Restate all the entries exactly as they appear, apart from the pictures.

**** PROVIDED ENTRIES ****

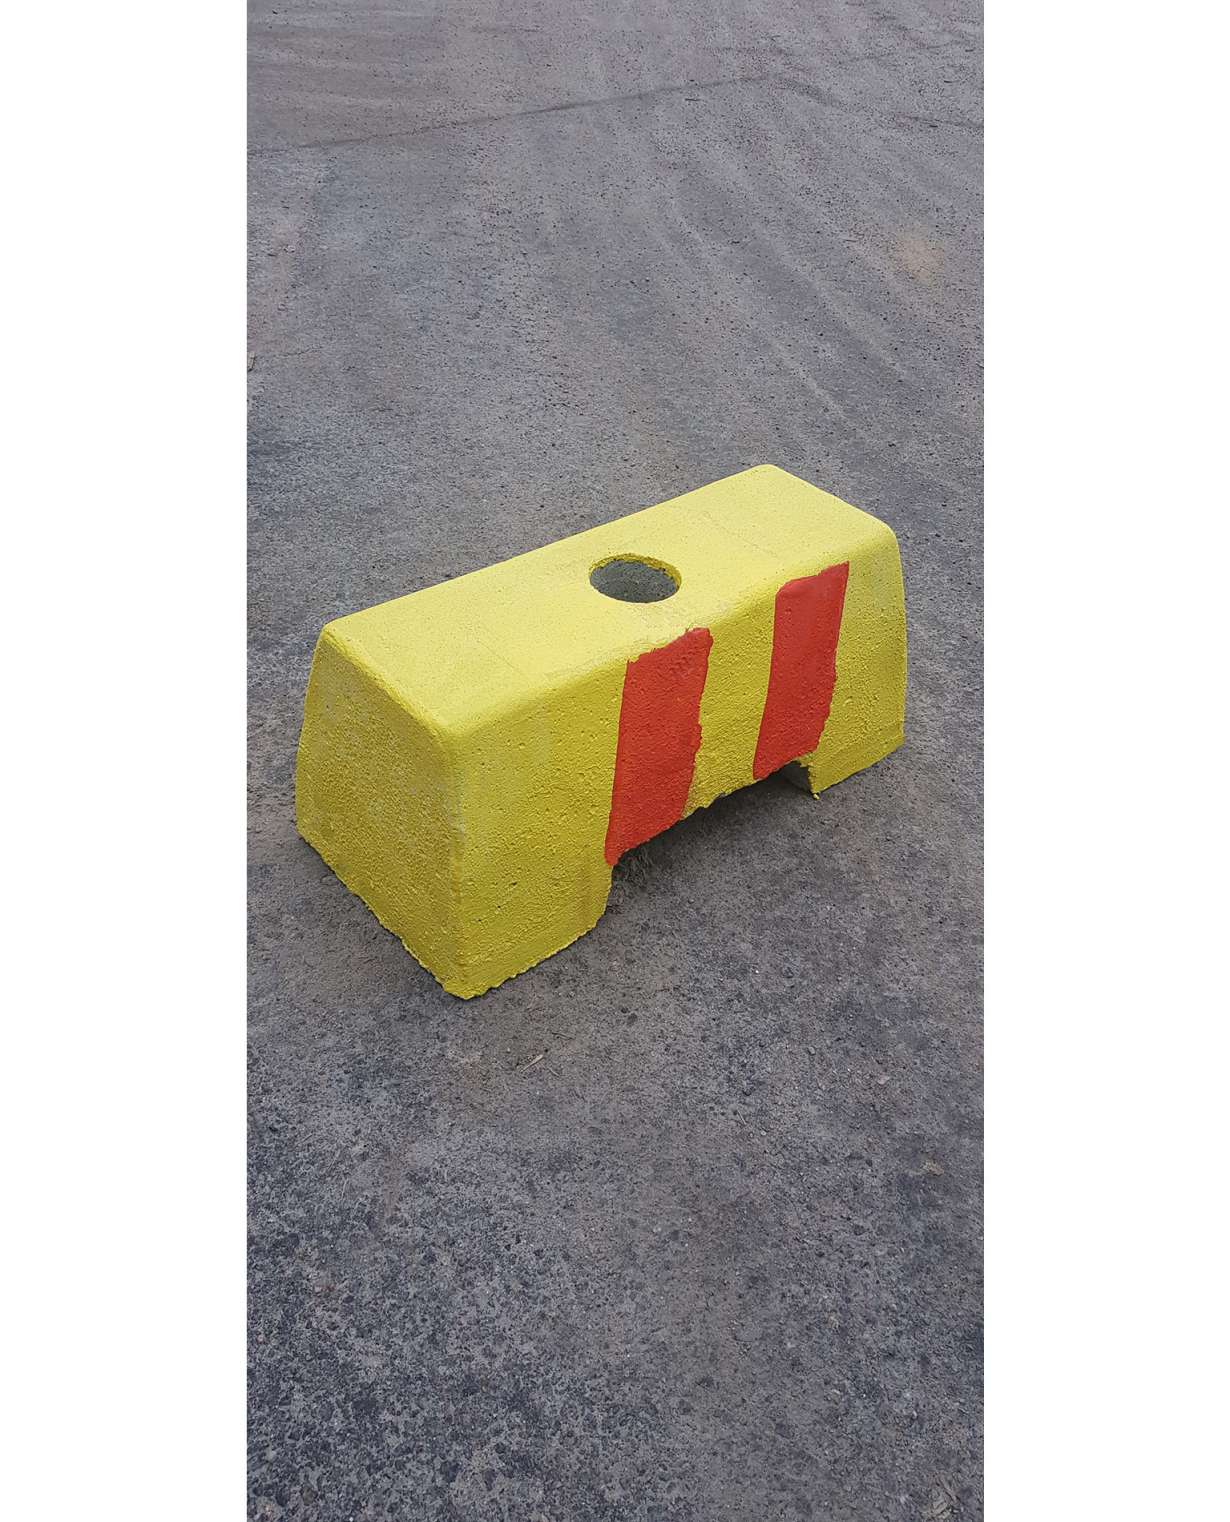 Betoniporsas mini 60kg (Punainen/Keltainen)
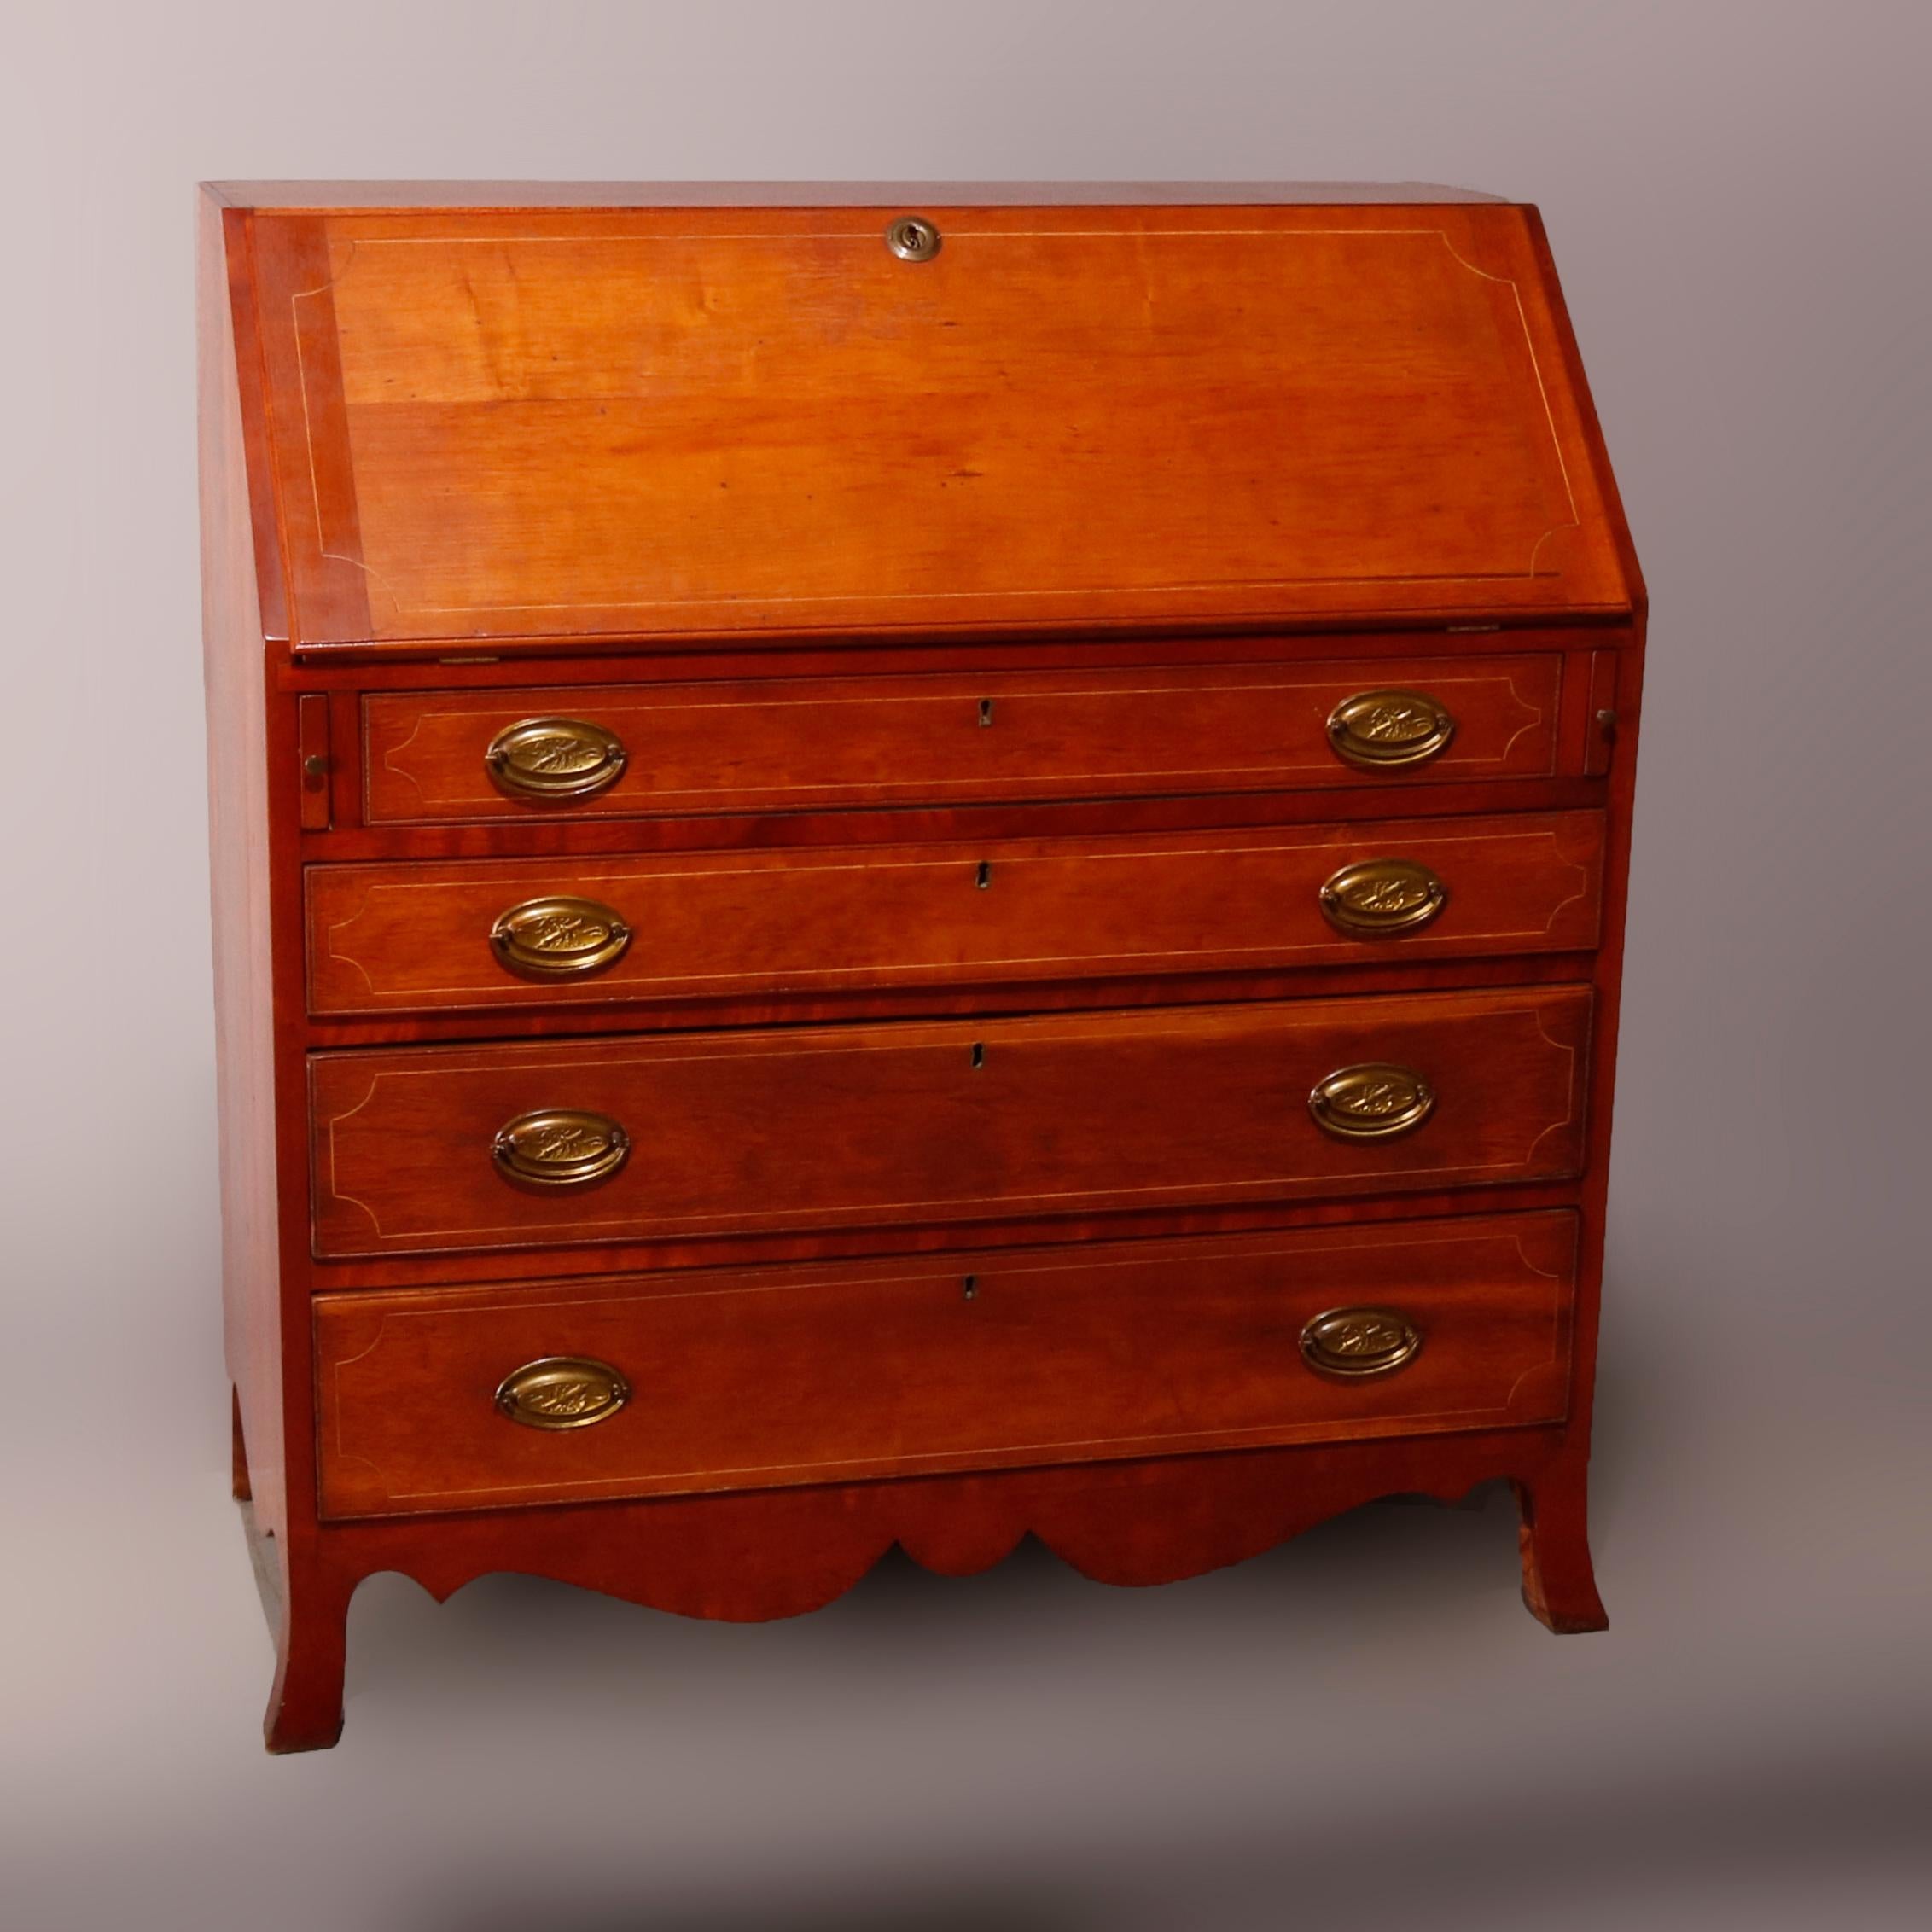 Antique English Hepplewhite Style Satinwood Banded Cherry Slant Front Desk 1
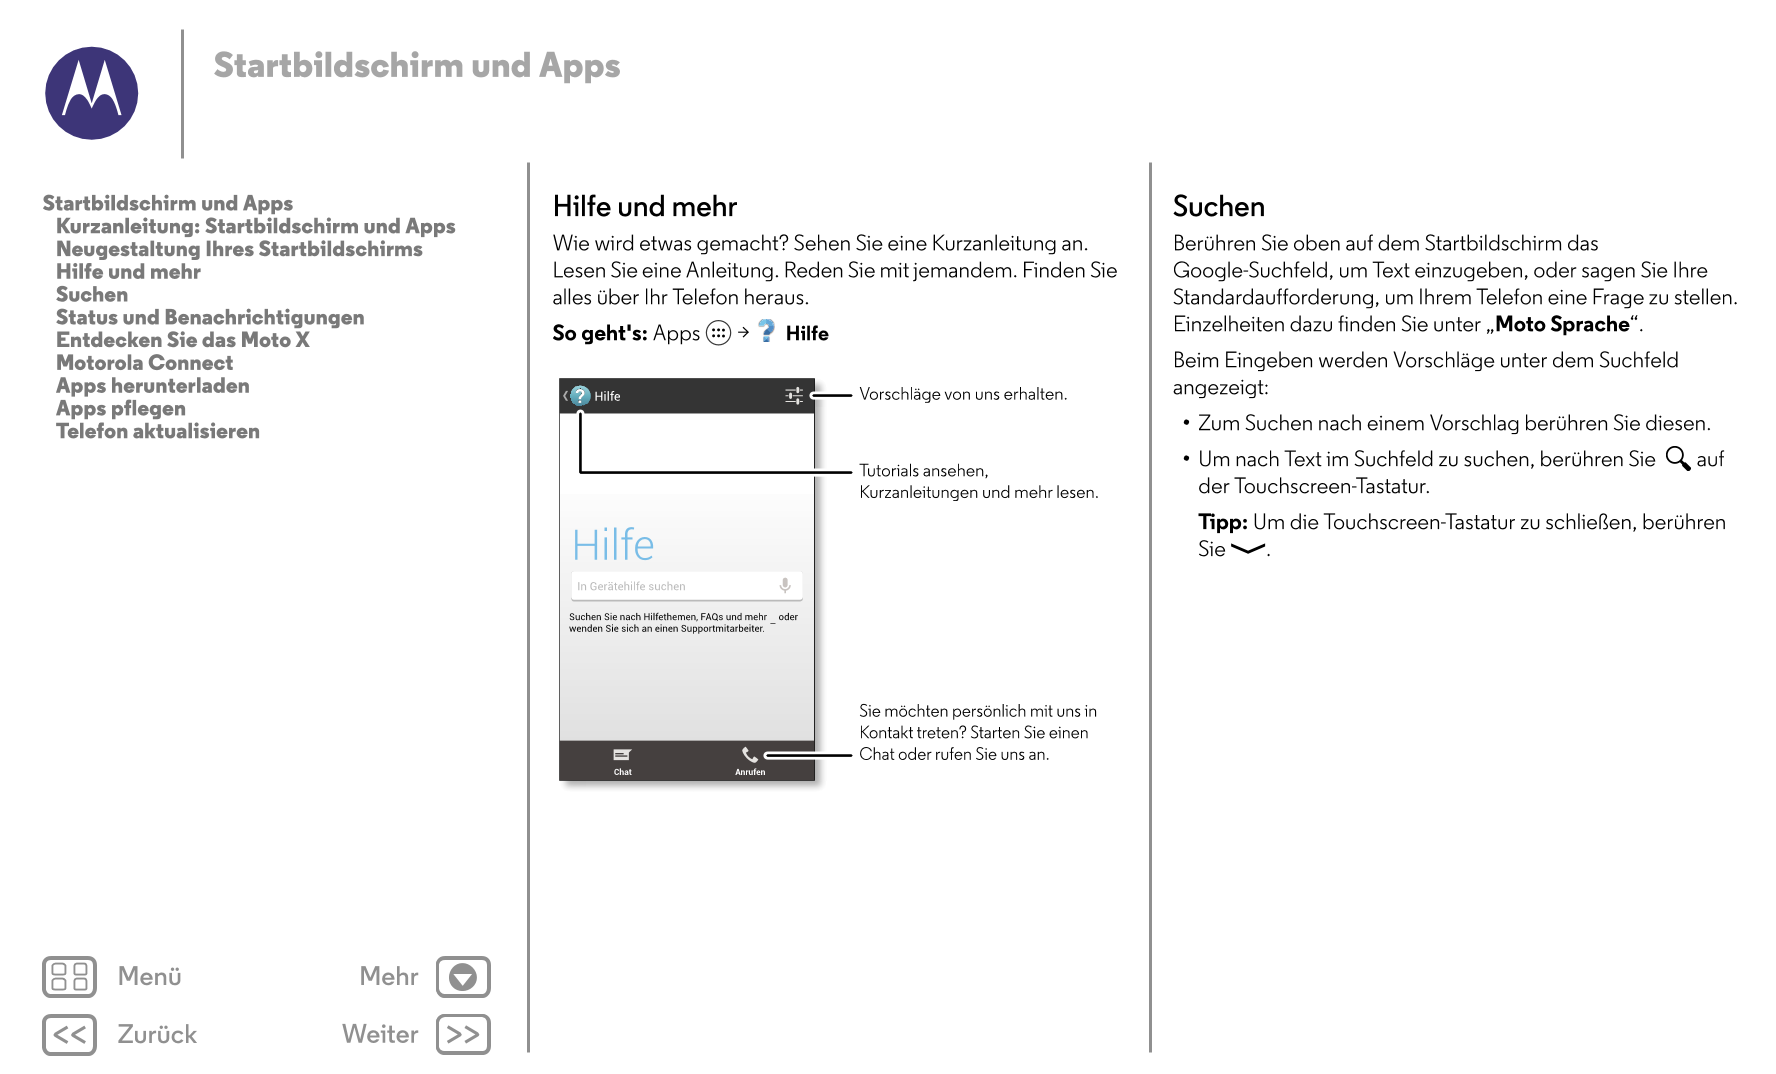 Startbildschirm und Apps
Startbildschirm und Apps Hilfe und mehr Suchen
   Kurzanleitung: Startbildschirm und Apps
   Neugestalt

****

» RESULT
 Betoniporsas mini 60kg (Punainen/Keltainen)
 Antique English Hepplewhite Style Satinwood Banded Cherry Slant Front Desk 1
 Startbildschirm und Apps
Startbildschirm und Apps Hilfe und mehr Suchen
   Kurzanleitung: Startbildschirm und Apps
   Neugestalt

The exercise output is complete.